Alternatively, you can create your own cover. See the article on how to make custom cover.

Prior to constructing the simplicial complex, *Mapper* requires applying the *pullback* operation. Computationally, the pullback applies the clustering algorithm to subsets of the data given by the cover, which decomposes the data set into connected components. In Mapper, these connected components are represented as vertices. To view which vertices are mapped from the sets in the cover, use the `pullback`

member:

```
m$construct_pullback()
str(m$pullback)
#> List of 10
#> $ (1) : num 0
#> $ (2) : num [1:2] 1 2
#> $ (3) : num [1:2] 3 4
#> $ (4) : num 5
#> $ (5) : num 6
#> $ (6) : num 7
#> $ (7) : num 8
#> $ (8) : num [1:2] 9 10
#> $ (9) : num [1:2] 11 12
#> $ (10): num 13
```

The vertices are stored are stored as a named list. Each vertex contains a vector of the indices that representing the points that comprise the connected component.

```
sapply(m$vertices, length)
#> 0 1 2 3 4 5 6 7 8 9 10 11 12 13
#> 25 9 9 7 7 14 15 13 12 7 7 10 10 26
```

Once you’re satisfied with the clustering, you can construct the nerve, the principal output of *Mapper*. The complex is stored in a Simplex Tree (see 2), which available via the `$simplicial_complex`

member. Initially, the complex is empty:

The maximum dimension of the nerve is up to you. It’s common restrict the *mapper* to \(1\)-skeleton.

```
m$construct_nerve(k = 0L)
m$construct_nerve(k = 1L)
plot(m$simplicial_complex)
```

By default, the `construct...`

series of functions enact side-effects and return the instance invisibly, making them suitable to chain. If you want to inspect the result before modifying the instance, pass `modify=FALSE`

. For example, to list the vertices that have a non-empty intersection:

```
m$construct_nerve(k = 1L, modify = FALSE)
#> [,1] [,2]
#> [1,] 0 1
#> [2,] 0 2
#> [3,] 1 3
#> [4,] 2 4
#> [5,] 3 5
#> [6,] 4 5
#> [7,] 5 6
#> [8,] 6 7
#> [9,] 7 8
#> [10,] 8 9
#> [11,] 8 10
#> [12,] 9 11
#> [13,] 10 12
#> [14,] 11 13
#> [15,] 12 13
```

The \(1\)-skeleton can be exported to any of the usual graph-type data structures.

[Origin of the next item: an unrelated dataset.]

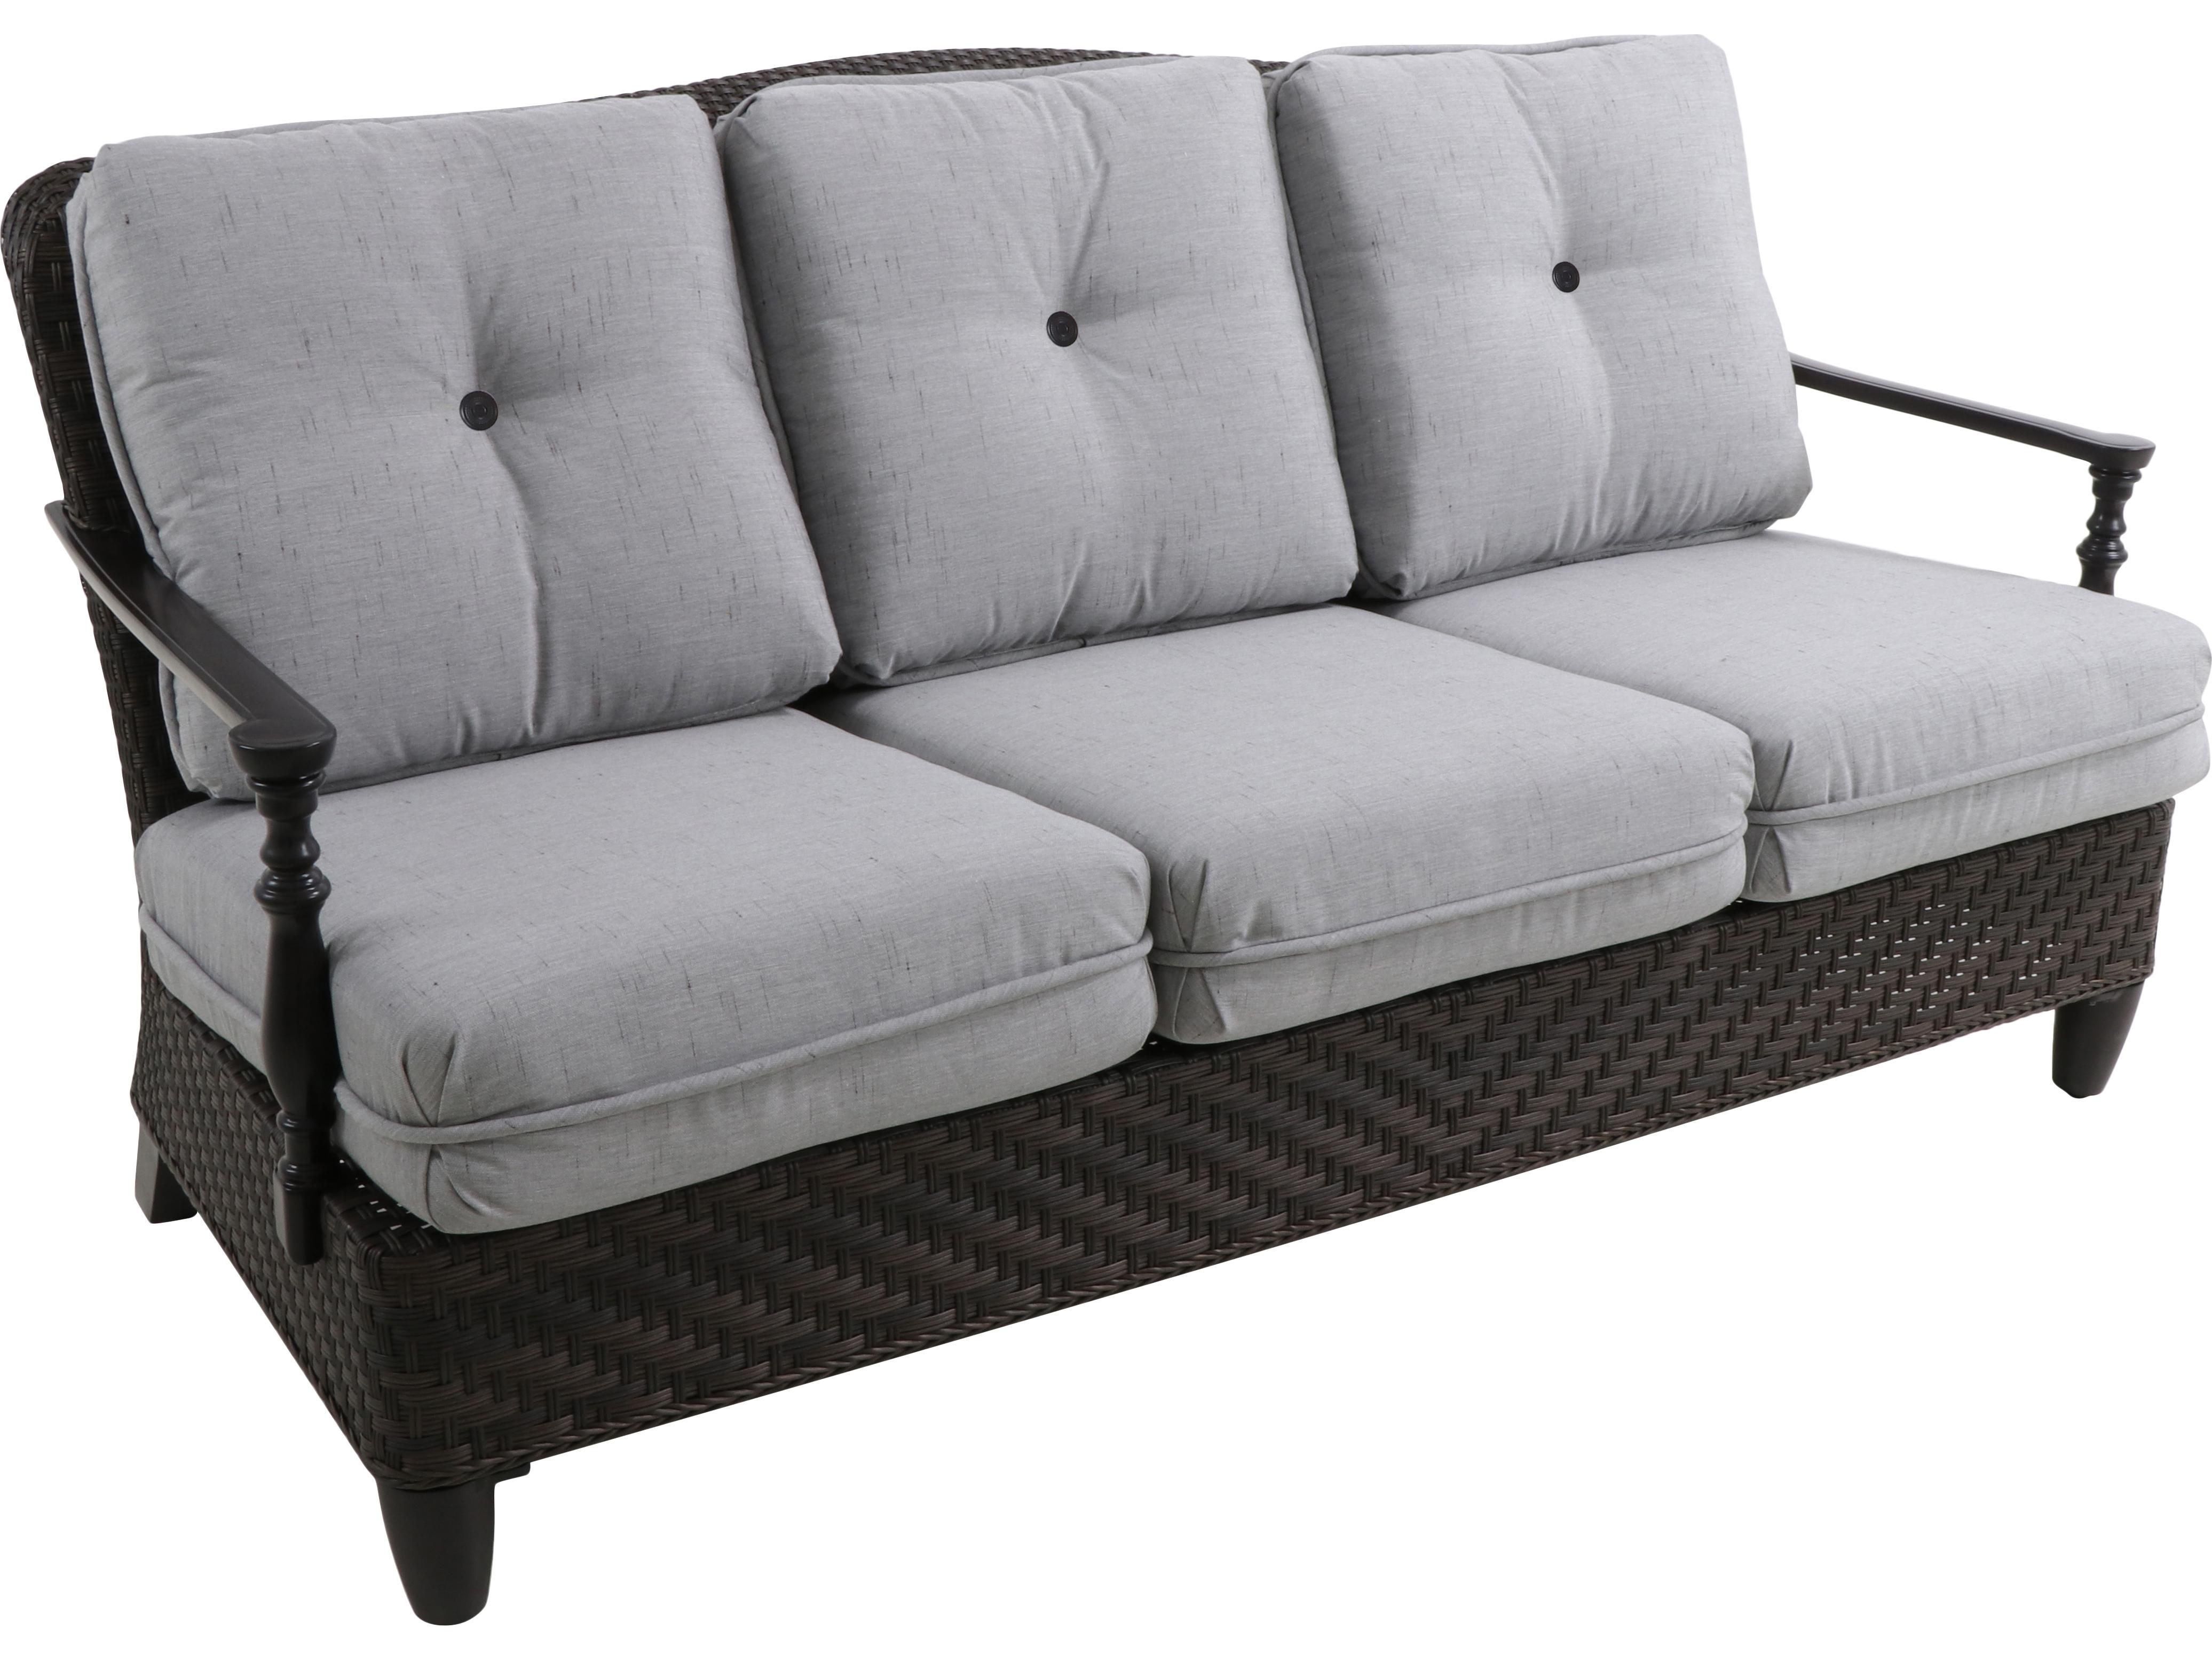 Paula Deen Outdoor Bungalow Tobacco Wicker Sofa In Frequency Ash Fabric
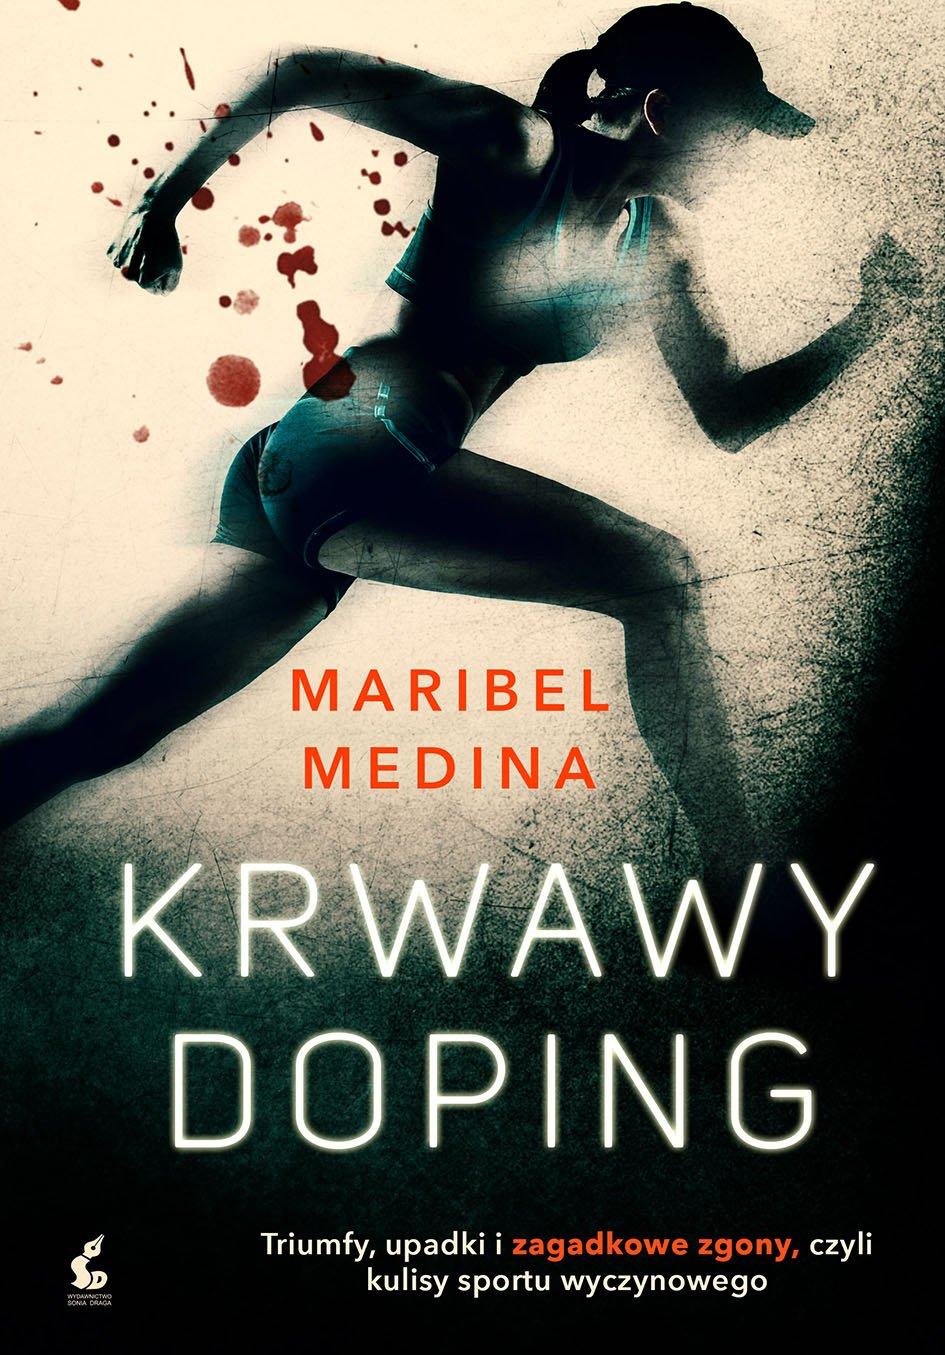 Krwawy doping - Ebook (Książka EPUB) do pobrania w formacie EPUB

To get a quick overview of what the **mapper** looks like, you can use the default plotting method above given by the simplextree package.

Alternatively, the \(1\)-skeleton can be automatically converted to igraph objects and customized as needed.

For more interactive visualization options, consider the (experimental) pixiplex package.

1. Singh, Gurjeet, Facundo Mémoli, and Gunnar E. Carlsson. “Topological methods for the analysis of high dimensional data sets and 3d object recognition.” SPBG. 2007.

2. Boissonnat, Jean-Daniel, and Clément Maria. “The simplex tree: An efficient data structure for general simplicial complexes.” Algorithmica 70.3 (2014): 406-427.